- **ACTIVITY**: Only text belongs in your copy of the listing below; reproduce it exactly and leave out the pictures.

Segment Start: DATASET EXCERPT

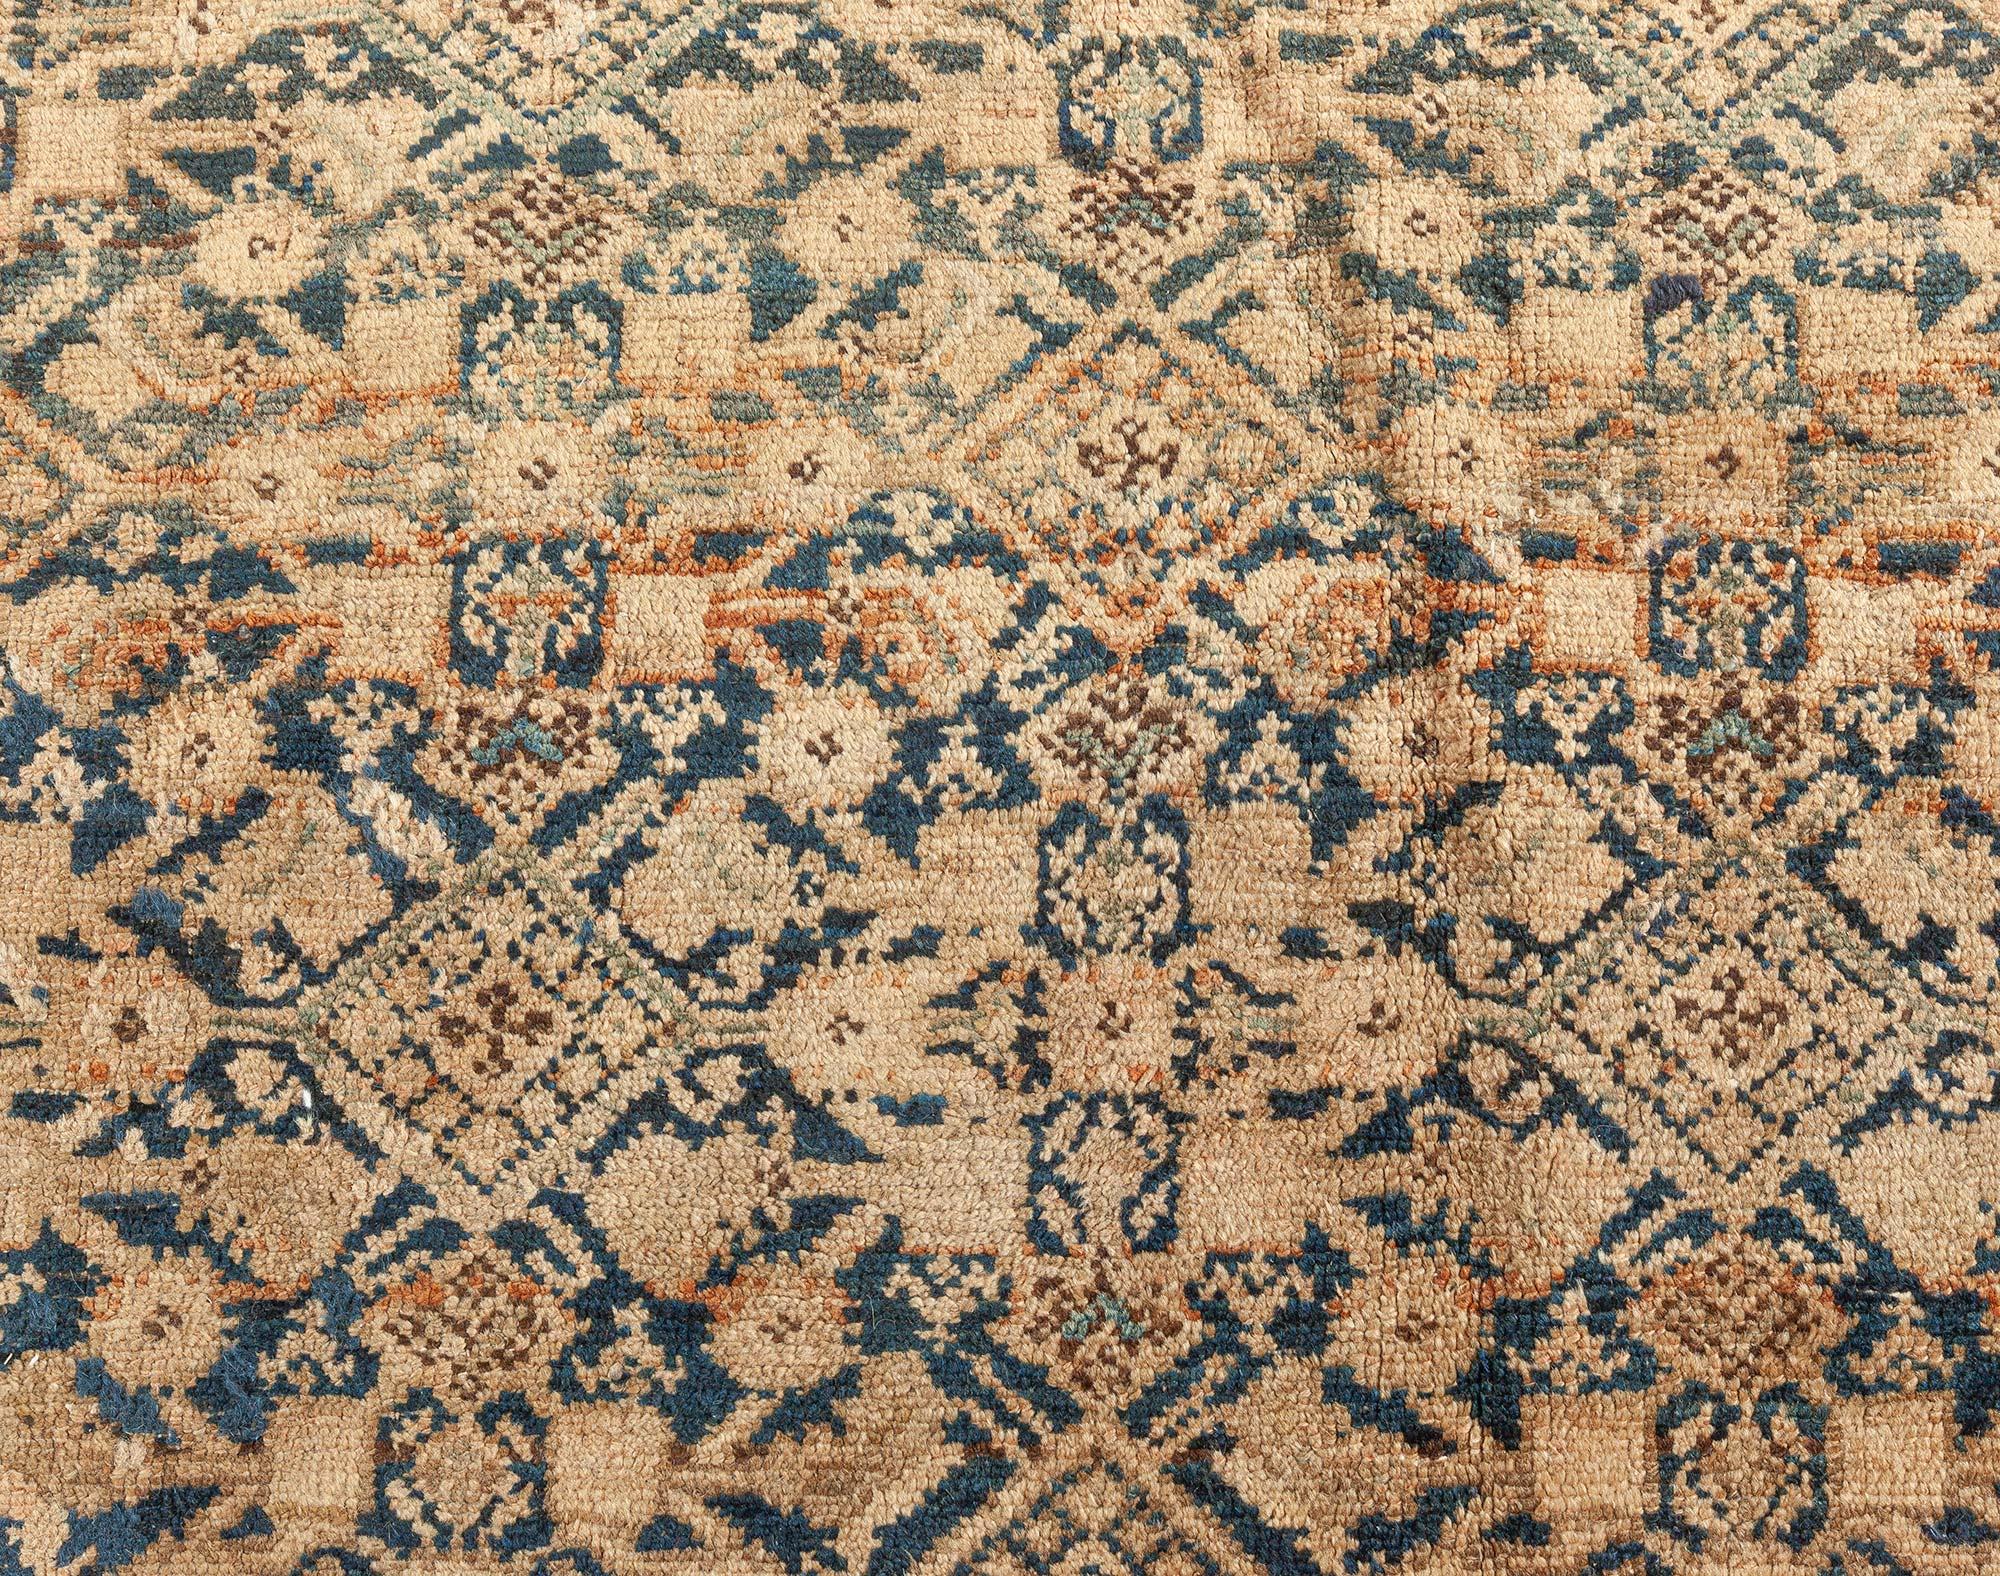 Antique Persian Malayer Fragment
Size: 7'4
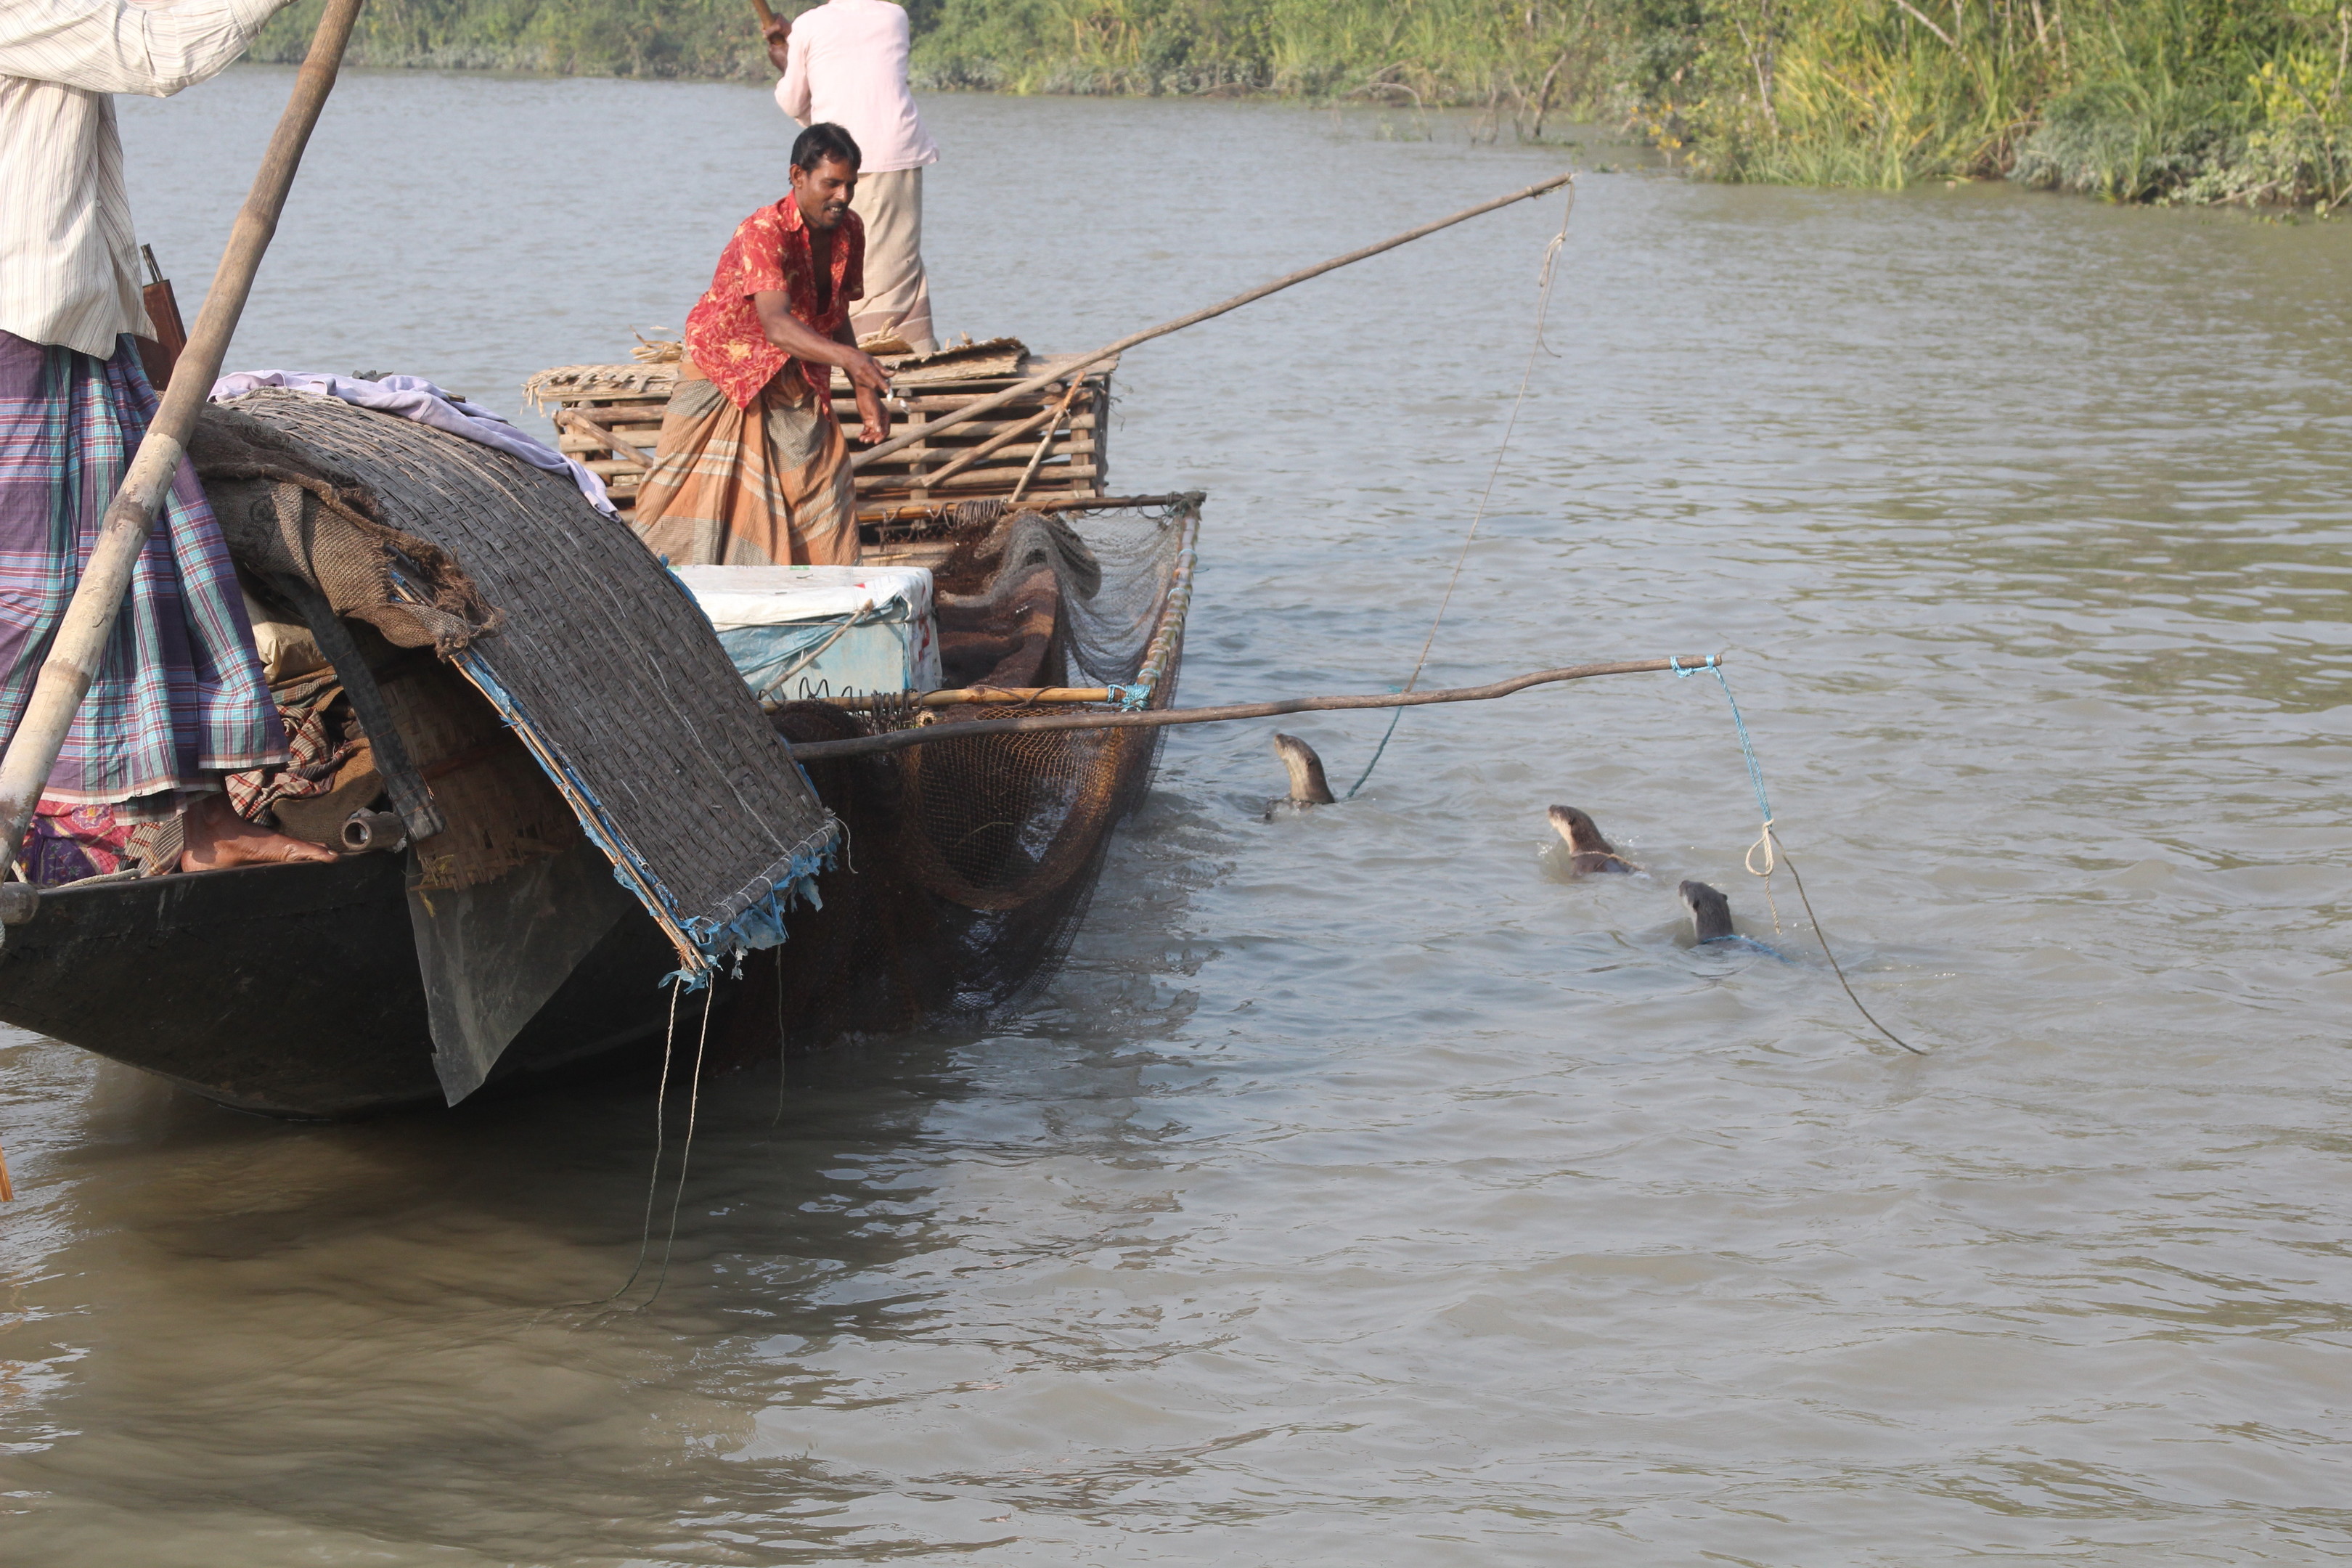 Otters being used for fishing in Bangladesh.

Segment End: DATASET EXCERPT

- **TASK OUTPUT**:
 Antique Persian Malayer Fragment
Size: 7'4
 Otters being used for fishing in Bangladesh.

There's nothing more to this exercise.